Needed from the data below: every line from the one with "新作揃え 国産 鶏むね肉 1kg 小分けパック 業務用 冷凍 鶏肉 とり" up to and including the one with "green lemon on white table", repeated exactly and with nothing else.

(RECORDED DATA Opens)

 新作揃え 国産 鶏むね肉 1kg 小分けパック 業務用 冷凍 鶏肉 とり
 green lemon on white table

(RECORDED DATA Closes)
(RECORDED DATA Opens)

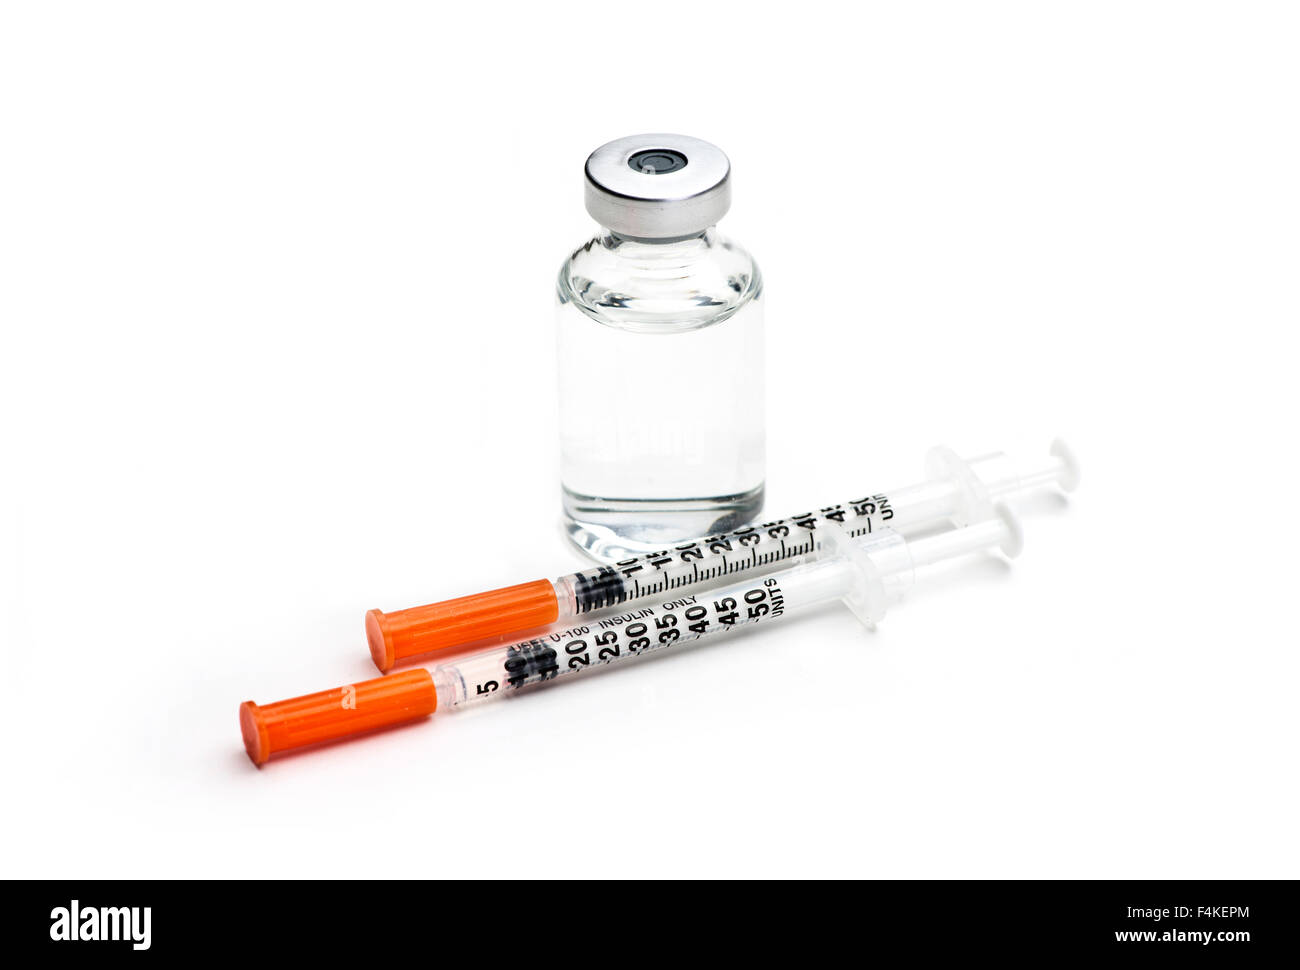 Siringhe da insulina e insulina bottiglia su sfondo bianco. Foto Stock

(RECORDED DATA Closes)
(RECORDED DATA Opens)

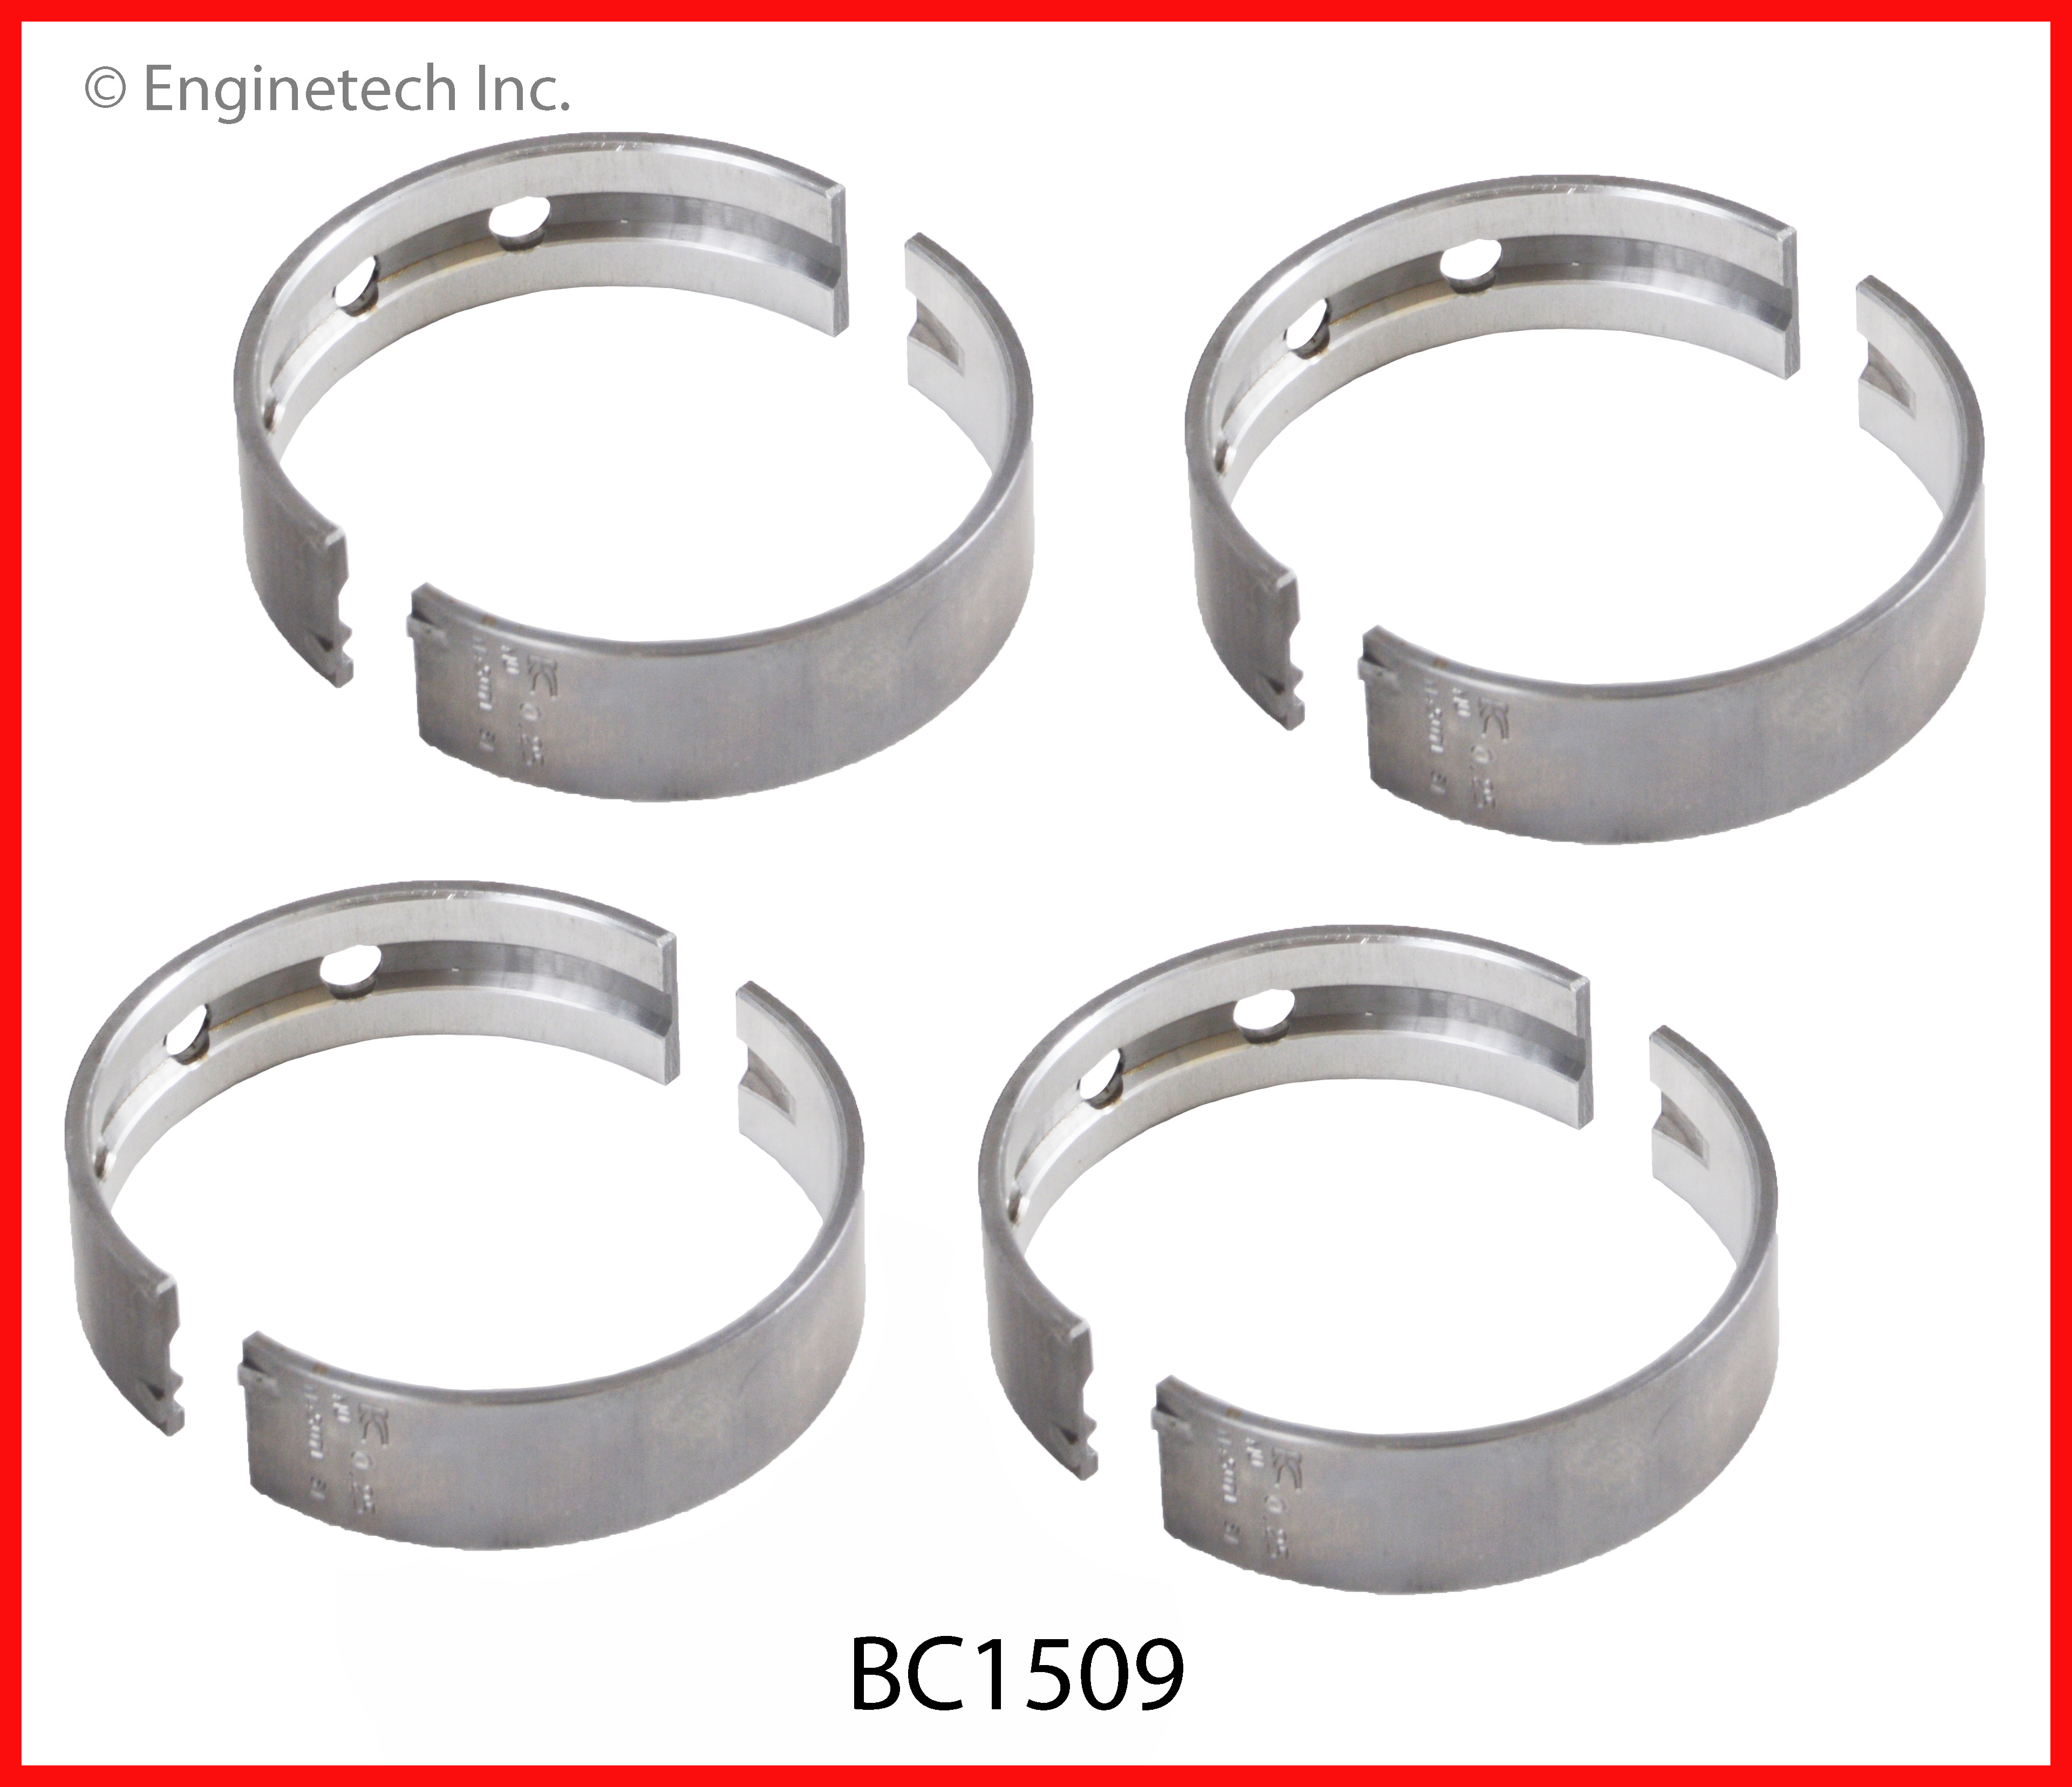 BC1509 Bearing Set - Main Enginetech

(RECORDED DATA Closes)

» REPLY:
 新作揃え 国産 鶏むね肉 1kg 小分けパック 業務用 冷凍 鶏肉 とり
 green lemon on white table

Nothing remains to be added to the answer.